Rob Conboy, the CEO of Glavel, gave us a rundown, comparing foam glass aggregate with the combination of gravel and foam insulation. The R-value of both is similar. The thickness is similar. The strength is similar. And the cost is in the same ball park with foam glass aggregate a little more expensive, though it is easy to see reasons why its cost would go down, but the competition’s costs would not.

Right now, the Glavel product is imported from Europe. Conboy told us that it will soon be made in the United States, which will give it a cost advantage. It will be made in an electric kiln, powered by electricity from 100% renewable resources. Also, he is moving to tweak the formulation, in the hope that it will have somewhat better insulating value.

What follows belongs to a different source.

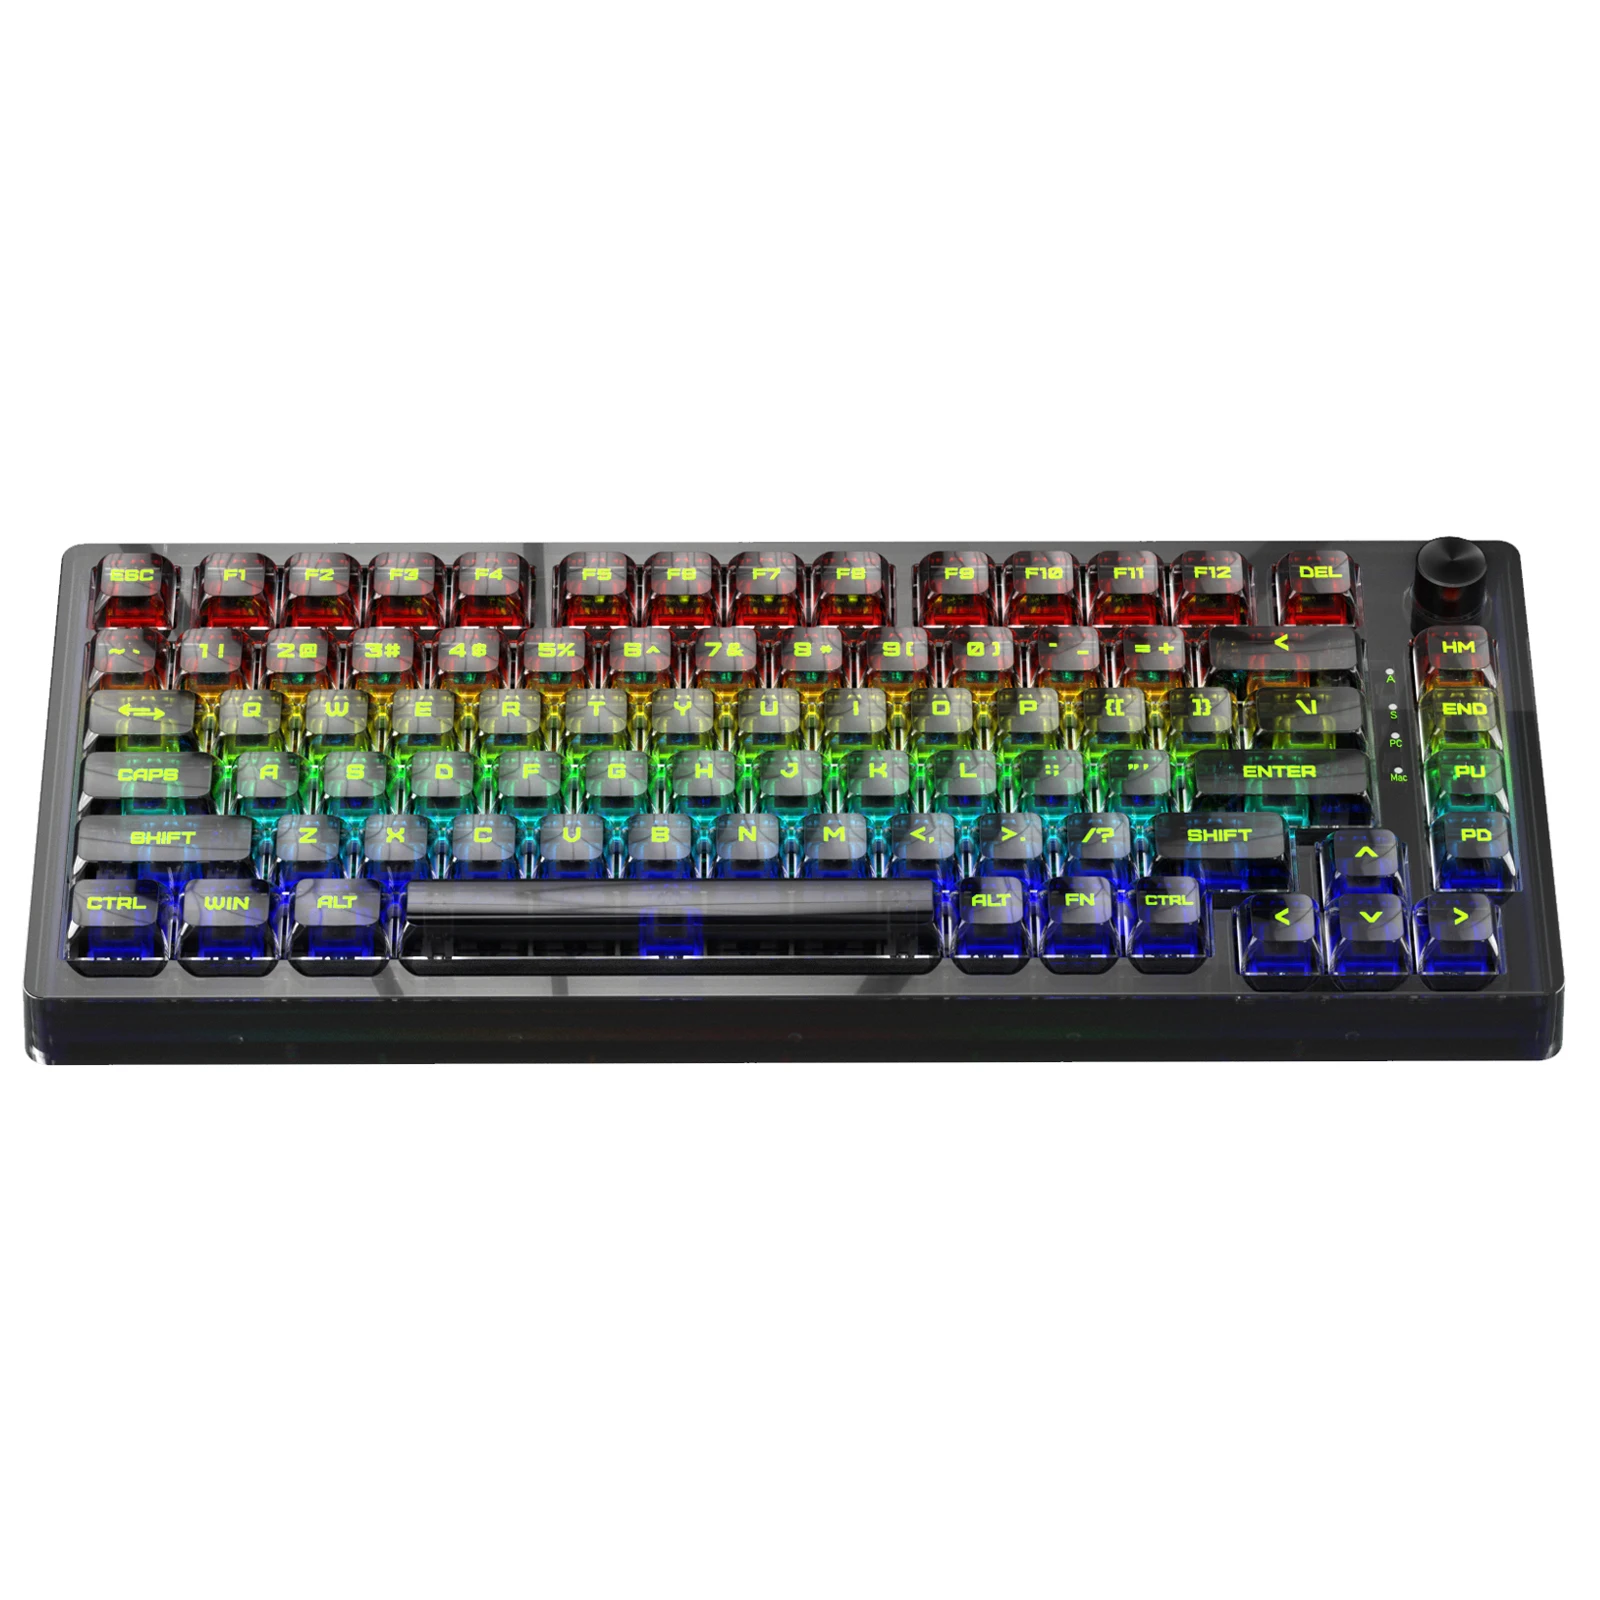 

Механическая игровая клавиатура MK32, 82 клавиши, RGB, USB, поддержка Bluetooth, беспроводная, 2,4 ГГц, 3 режима, геймер для компьютера, ПК, ноутбука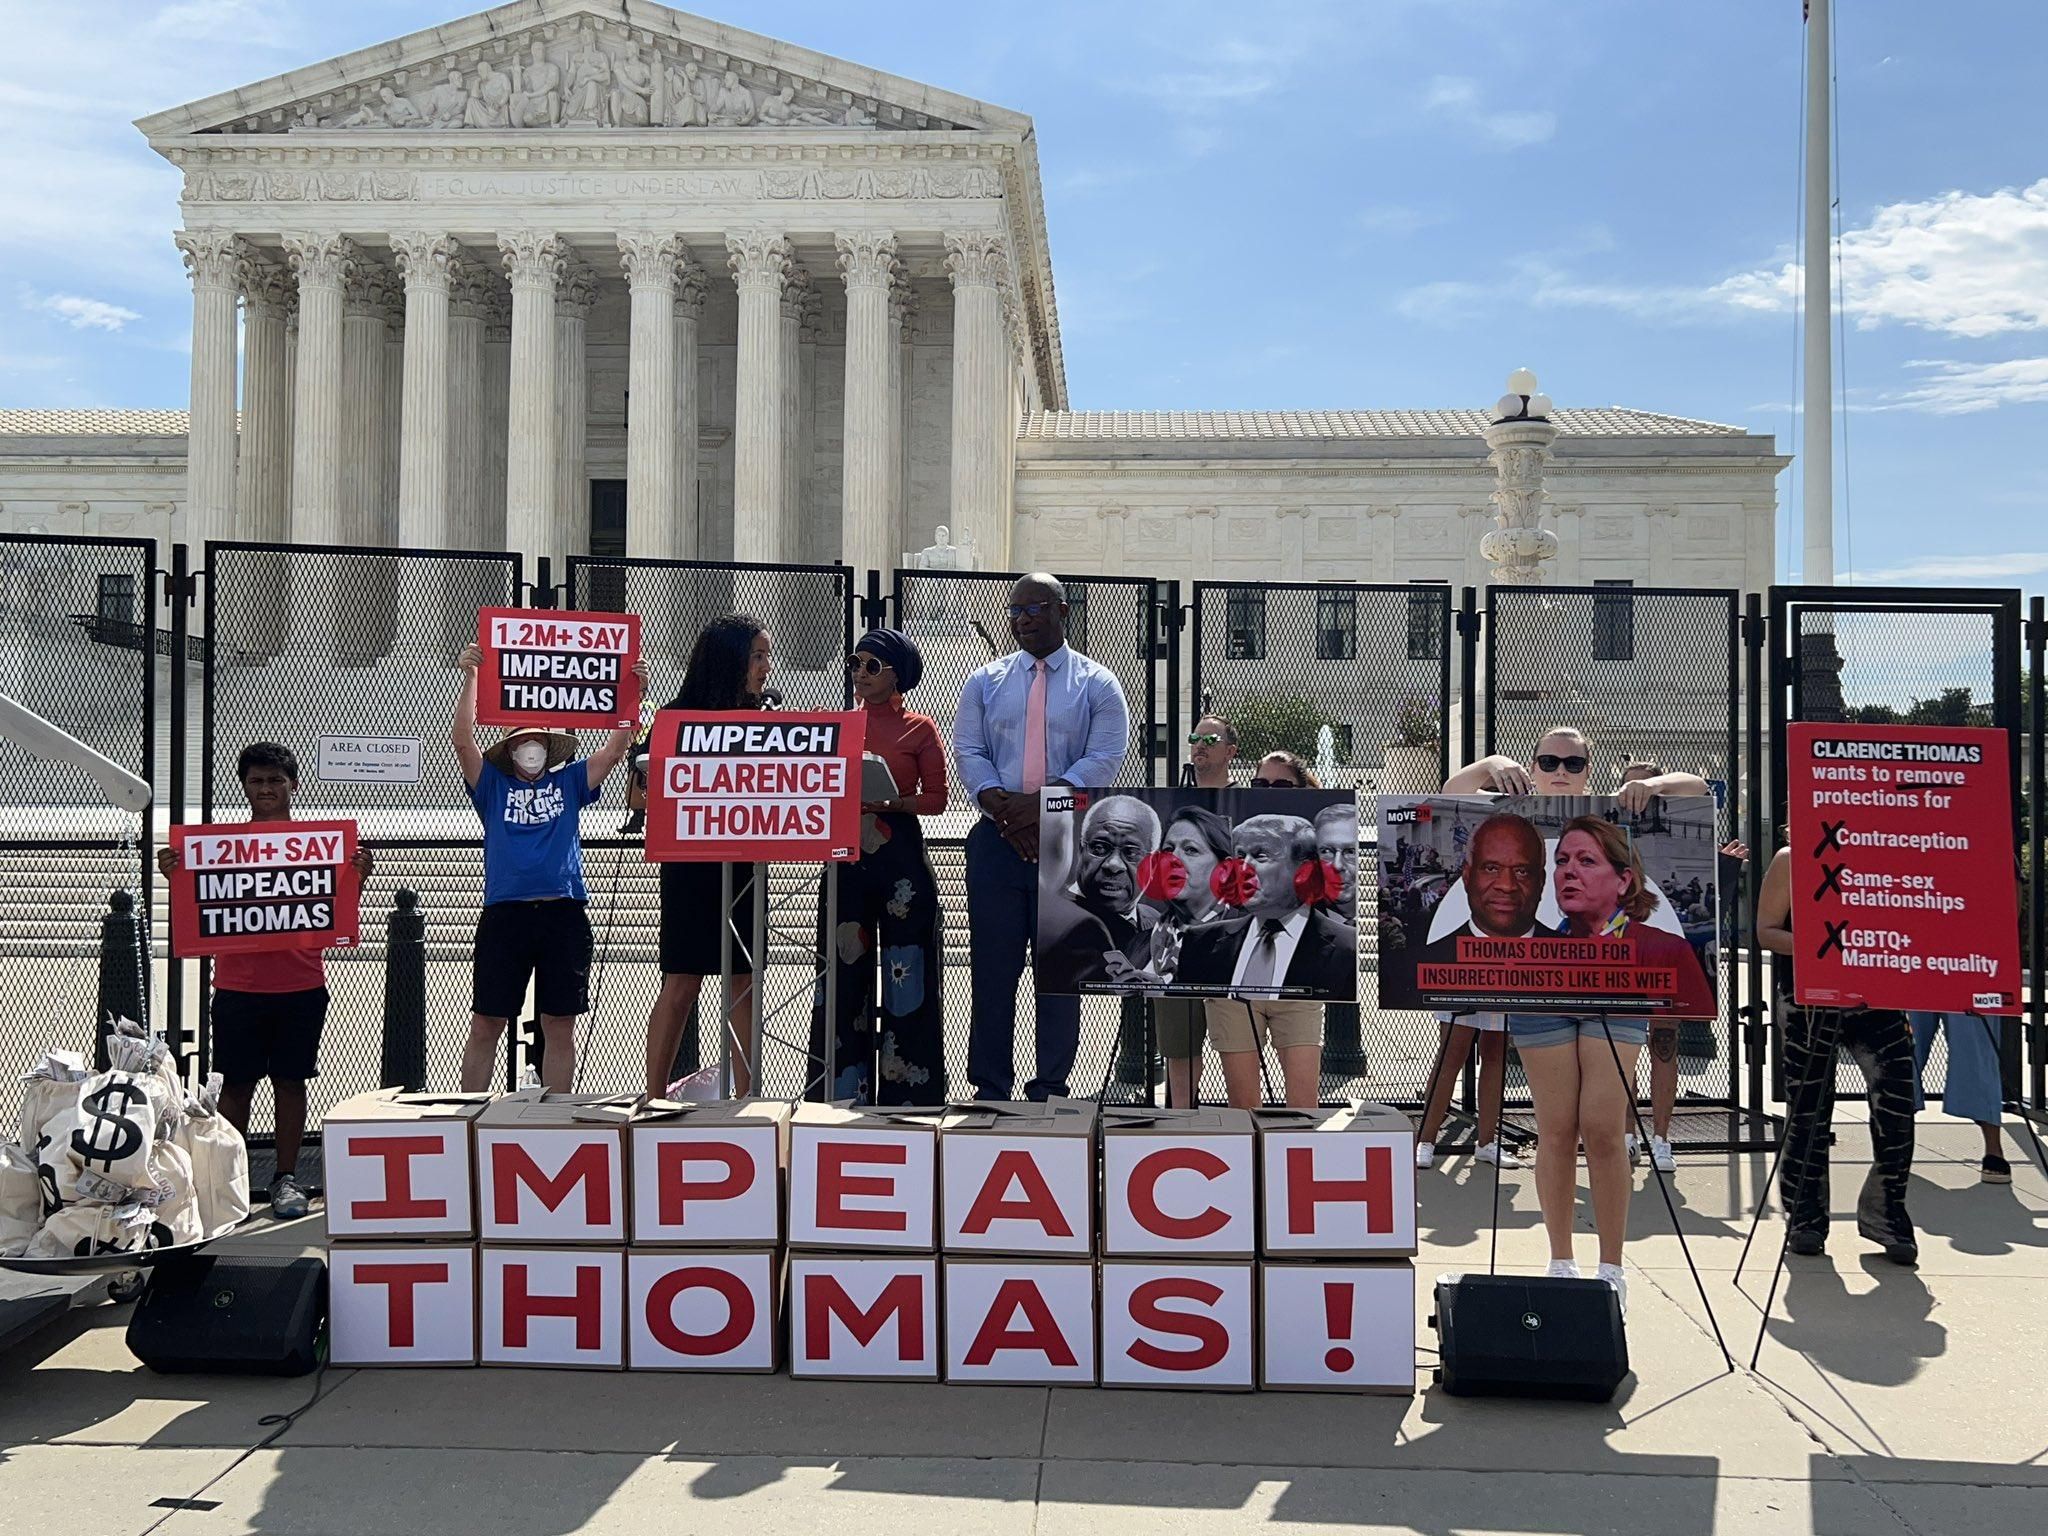 Impeach Thomas event

The end result is that we have a new system that is just as good as the old in terms of performance and cost but is far superior for the environment. Glavel foam-glass aggregate will be using a problematic resource, recycled glass, that might otherwise go to a landfill, and it can be produced with renewable energy.

And by the way, Glavel foam glass aggregate has other uses. Because it is so light, it can be used as substrate for green roofs. It can be used for road construction, for embankments, to insulate pipelines, and in other places where its insulating qualities, light weight, and good drainage are valuable.